Your dog or cat has a cough. You call your veterinarian for an appointment. What should you expect?
That depends on:
- how ill your pet is.
- the nature of the cough.
- how many times he has had the same or similar cough in the past.
For a mild, unproductive cough with little or no fever, no nasal discharge and not much systemic effect (such as loss of appetite), a thorough physical examination is in order and a heartworm test if he’s been off heartworm preventive. If the findings on the examination are not severe we may begin symptomatic therapy without any further diagnostic tests.
Our approach is different, however, with a pet whose cough is severe, recurrent, or is accompanied by fever, loss of appetite and/or lethargy. These patients are much more likely to have pneumonia and multiple-organ dysfunction.
After an equally-thorough physical exam, the next step is a chest X-ray, probably with multiple views. A ventro-dorsal (VD) or dorso-ventral (DV) view gives us the best look at the heart, but also includes the lungs and ribs. These views have the X-ray beam go from front-to-back or back-to-front, respectively. If heart disease such as heart murmur and congestive heart failure (CHF) are suspected, these views provide the most information.
One or two lateral views may be obtained. Having the dog or cat lie on its left side directs the beam from right-to-left. In some cases lung cancer is most readily identified if both lateral views are seen.
Important findings on a CBC might include anemia, which could indicate blood loss or chronicity in the illness, and elevated White Blood Cell count, which indicates an inflammatory process in the body.
The chemistry profile could reveal effects on the liver, kidneys and/or electrolytes.

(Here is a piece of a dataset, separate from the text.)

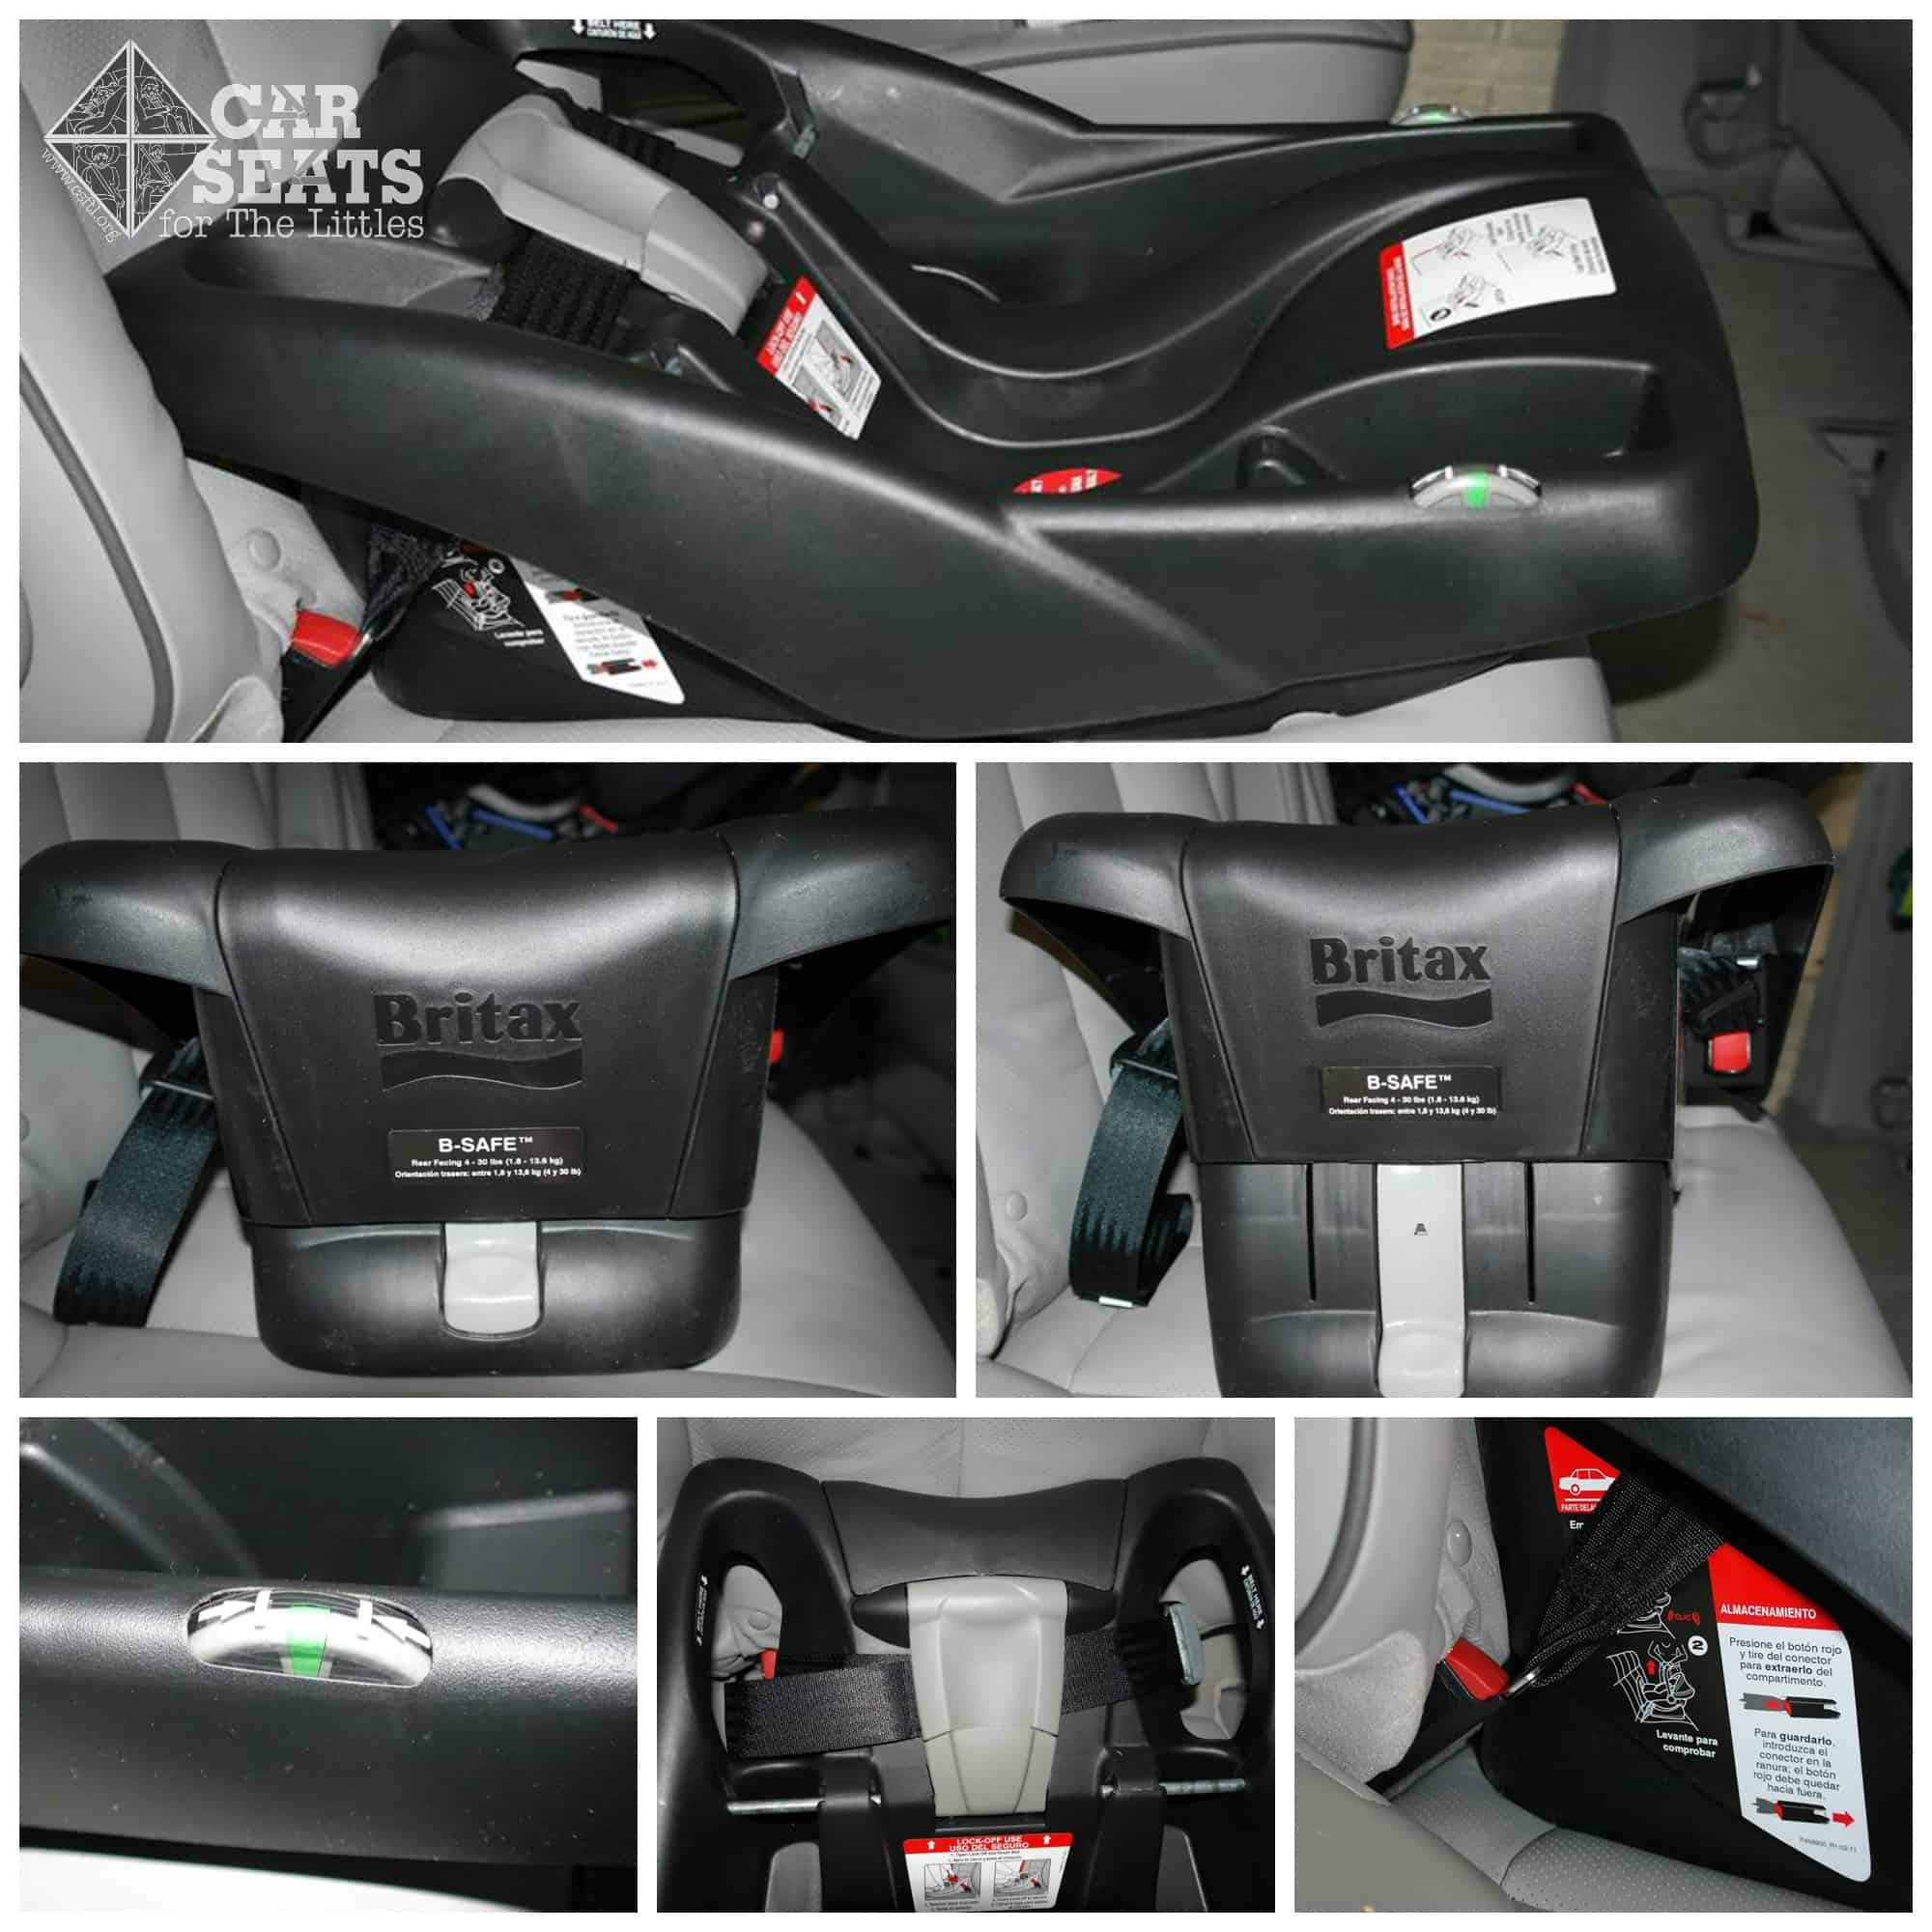 Britax B Safe Review Car Seats For The Littles - Britax Infant Car Seat Weight And Height Limit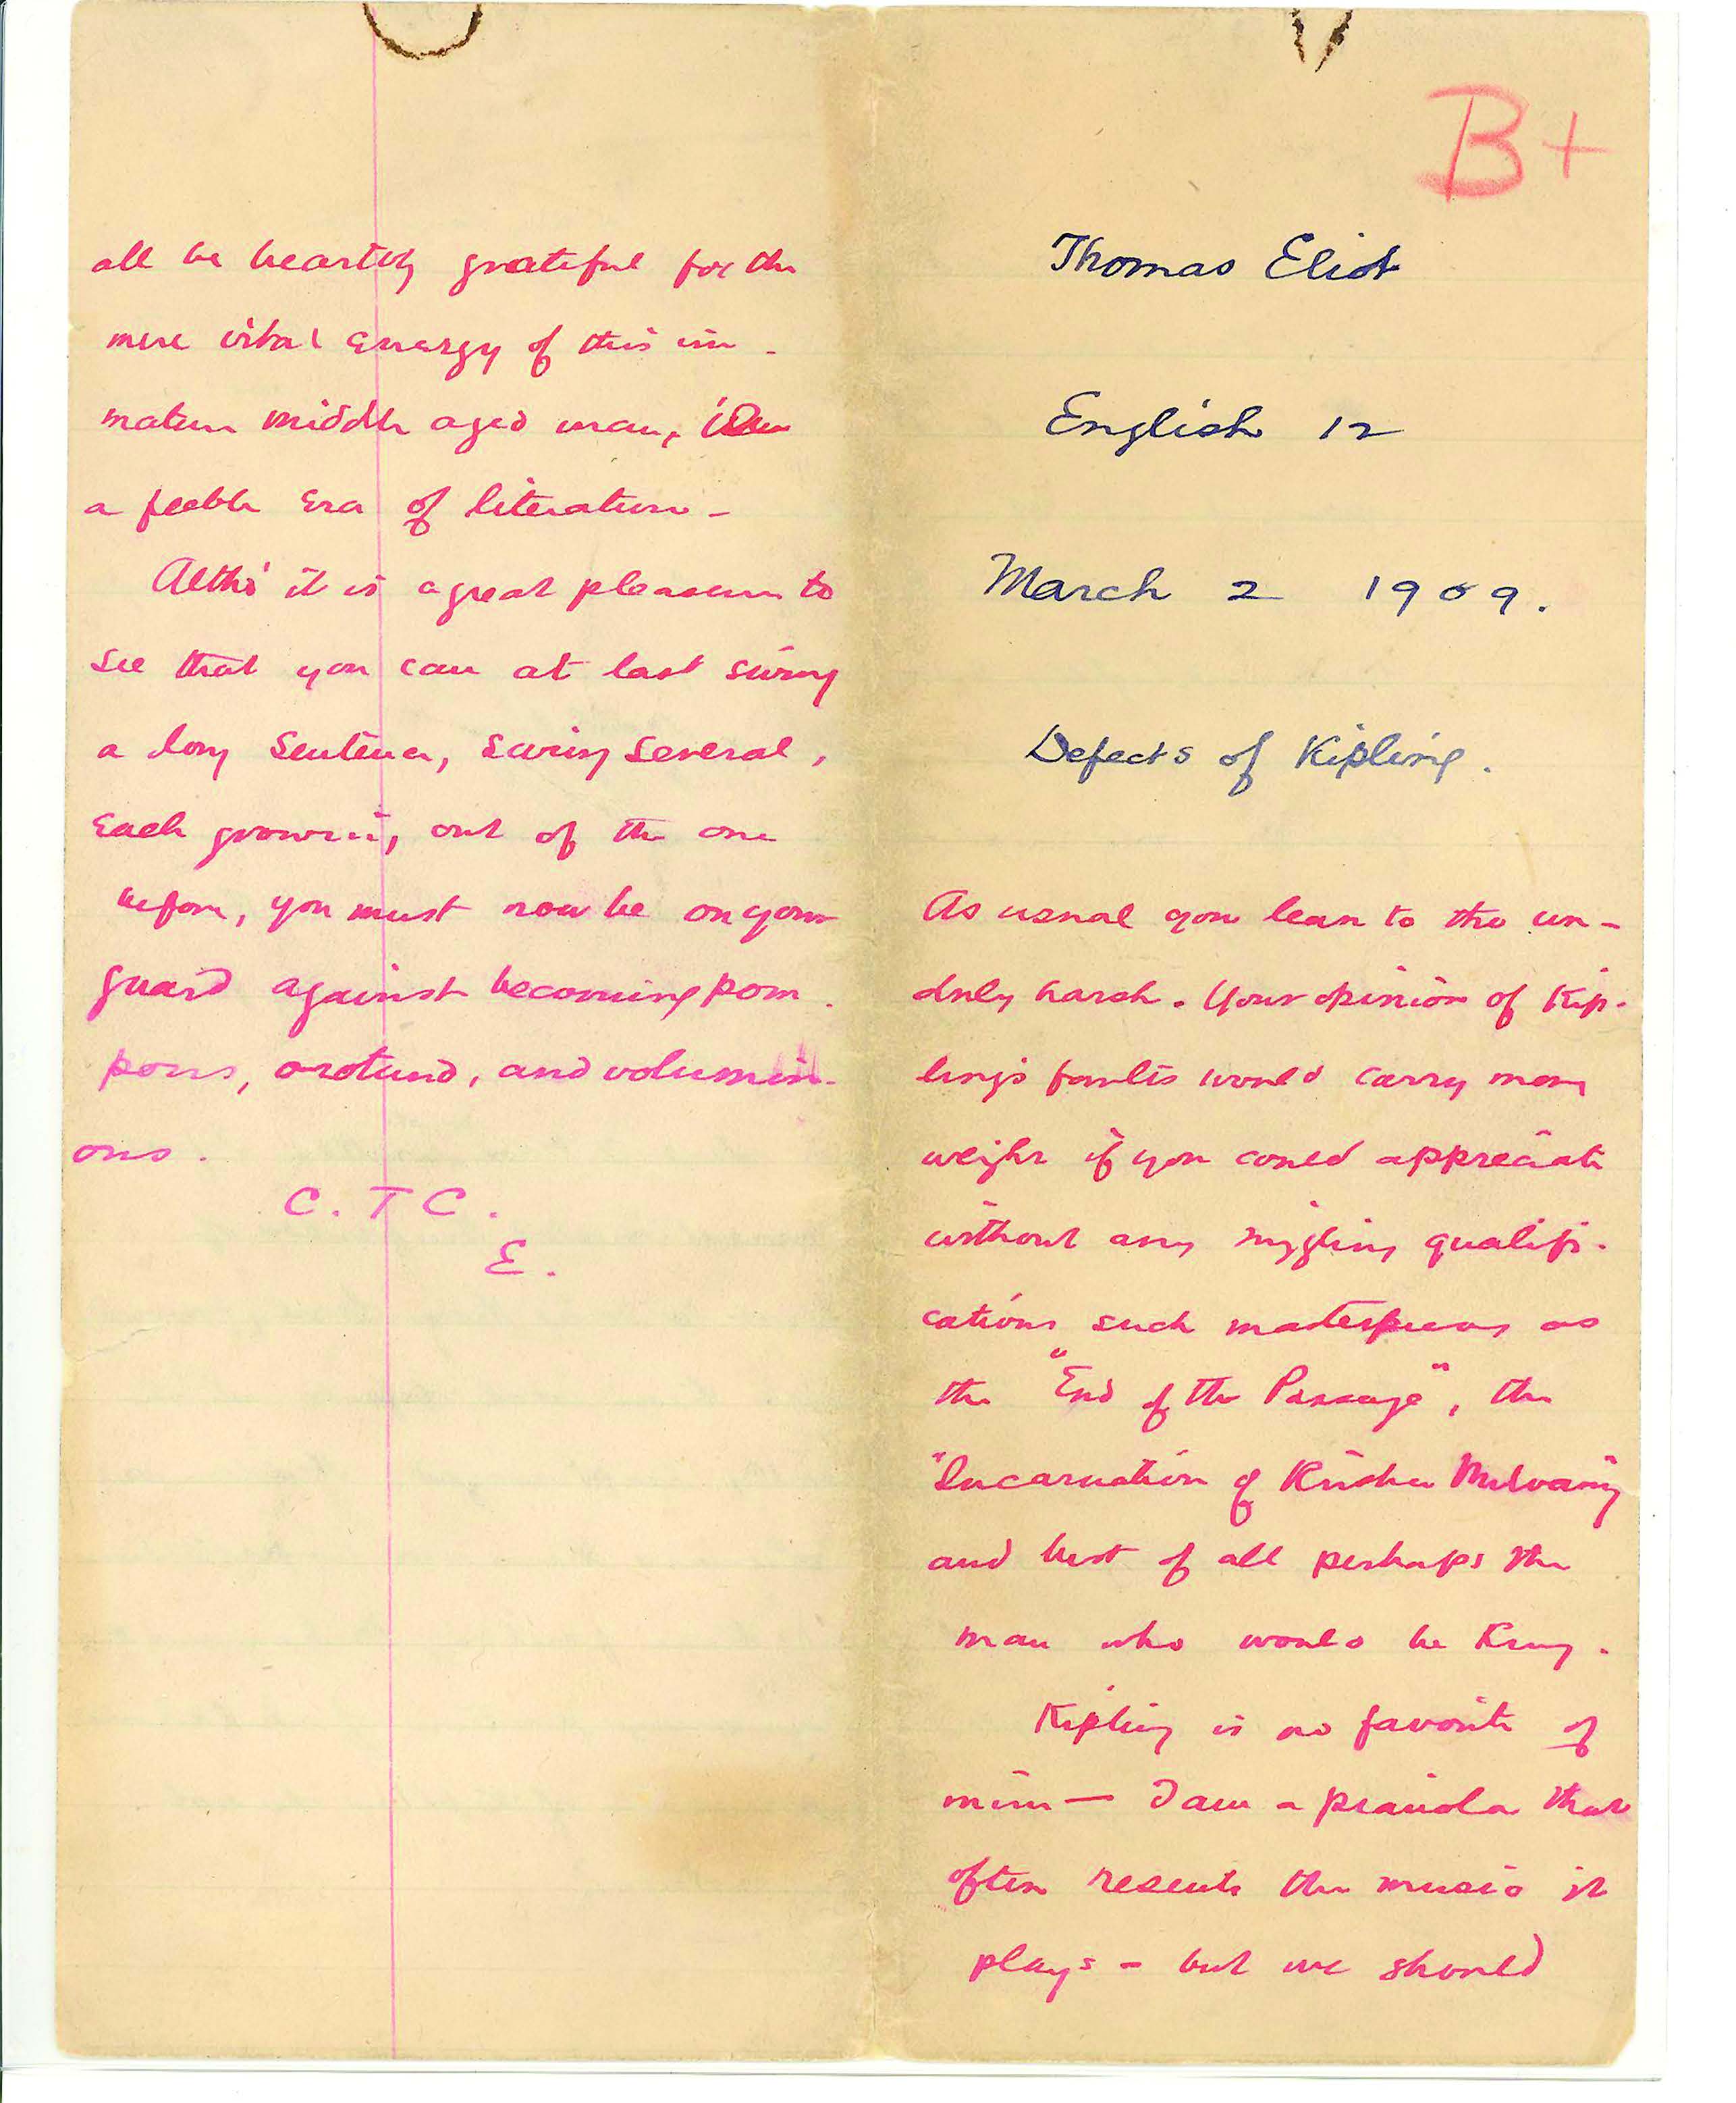 6. Facsimile of last page of “The Defects of Kipling”

Sufficient information might be obtained from the radiograph of the chest to give a tentative diagnosis and allow the clinician to institute treatment.
In some cases even more tests may be required. A common procedure for a chronically coughing patient is
trans-tracheal wash or bronchial lavage. In this process an anesthetized patient has a tiny tube passed down the trachea toward the lungs. Depending on the nature of the case and findings on the chest X-ray, the tube may be stopped where the trachea splits to left and right branches, or directed to continue deeper, into the bronchi. Then, with a “washing” action we extract fluid, cells, infection, whatever is present, upward through the tube.
The resulting specimen will be divided into two aliquots, one for bacterial culture and sensitivity and the other for cytology.
Culture and sensitivity might tell us what organisms are growing in the respiratory tract, and how best to kill them.
Cytology might reveal body cells reacting to infection or hypersensitivity. It could show cancer cells, parasites or even be normal.
Some cases might require even more involved diagnostics such as fungal titer, echocardiography, ultrasound, endoscopy, lung biopsy, magnetic resonance imaging (MRI), computed tomography (CT scan) or even radioactive techniques. Usually these more advanced techniques are performed at referral centers.